In both "games," the players must not only determine what is in their best interest but also what the other player is likely to do. In the first example, should one prisoner remain silent while the other talks, he will receive the maximum sentence but if he confesses, the worst he will receive is a shortened sentence while he could walk out if the other prisoner keeps silent.

In the second example it is interesting to note that one child will allow himself to be punished longer just so that his sibling gets the same punishment. It would appear that the fact his sibling is being punished is enough of a benefit to sit in silence.

The same calculus is used in the courtroom on a daily basis. For instance, a client is charged with a 2nd DWI. To complicate matters, there is a very high blood test result, but there is also a question of whether the client was actually driving the car in question. While there is circumstantial evidence that he was, there is no direct evidence.

As the defense attorney is unable to convince the prosecutor to dismiss the case, and as the prosecutor is unable to convince the defense attorney to plead his client, the matter is set for trial. On the morning of trial the prosecutor offers to dismiss the DWI in exchange for a plea to obstruction of a highway. What is the rational decision?

	Accept	Reject
Client	D, C	R, R
Prosecutor	C, D	P, P

Where D > R > C > P


R represents the reward the client receives if he is acquitted at trial.
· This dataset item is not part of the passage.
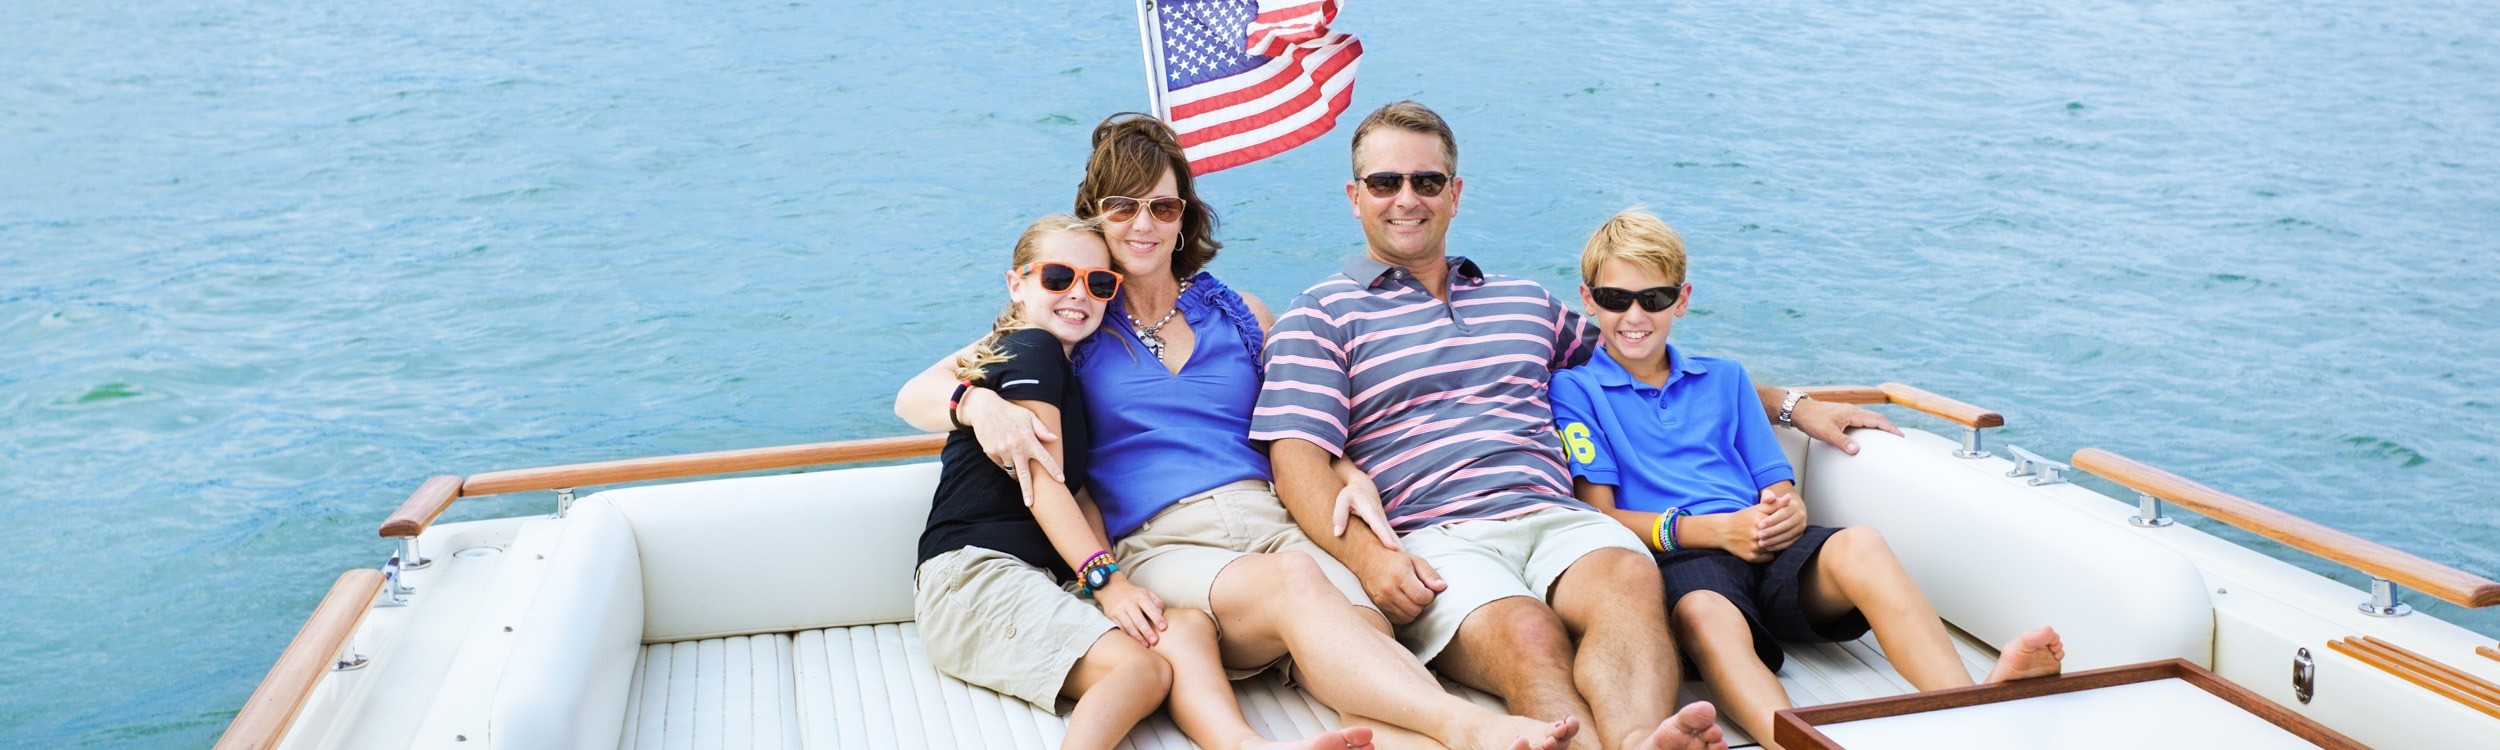 family of 4 sitting together on a boat

P represents the punishment the client receives if he is convicted of DWI. C represents the conviction for the reduced charge and D represents the dismissal of the DWI.

If the client accepts the deal he has a conviction on his record, but not for DWI. If the client rejects the deal the case goes to trial where the client could be acquitted or convicted. The best possible outcome for the client is to reject the state's offer, go to trial and get a not guilty verdict. But, if he chooses that path he could also get hit with a second DWI conviction (not a good thing since another DWI arrest would result in a felony charge).

The question comes down to how a rational person would evaluate the trade-off of a conviction for the reduced charge versus the weakness of the state's proof of operating. What is the risk of going to trial and being convicted of DWI? Is the loss associated with that outcome greater than the loss associated with pleading to the reduced charge?

In order to answer that question, you must assign a value to the benefit of acquittal and a negative value for the punishment of a conviction on the DWI. We would then have to assign a value to the dismissal of the DWI as well as to the conviction of a reduced offense. After assigning values we must then assign a percentage to represent the chances of an acquittal versus a conviction.

If we were to assign a value of 10 for the benefit of an acquittal, a -10 for the cost of a conviction, a 5 for the benefit of a dismissal and a -5 for the cost of a conviction for the reduced charge, and a 50% chance of conviction at trial, we come up with the following:

	Accept	Reject
Client	(5 - 5)	.5 (10)
Prosecutor	(-5 + 5)	.5 (-10)

As can be seen, if the client accepts the offer, the benefit of dismissal and cost of conviction cancel each other out while there is a greater swing in values if he declines the offer. The rational client, therefore, would be best served by accepting the prosecutor's offer. Of course as the chance of acquittal rises, it will, at some point, tip the scale in favor of rejecting the offer and trying the case.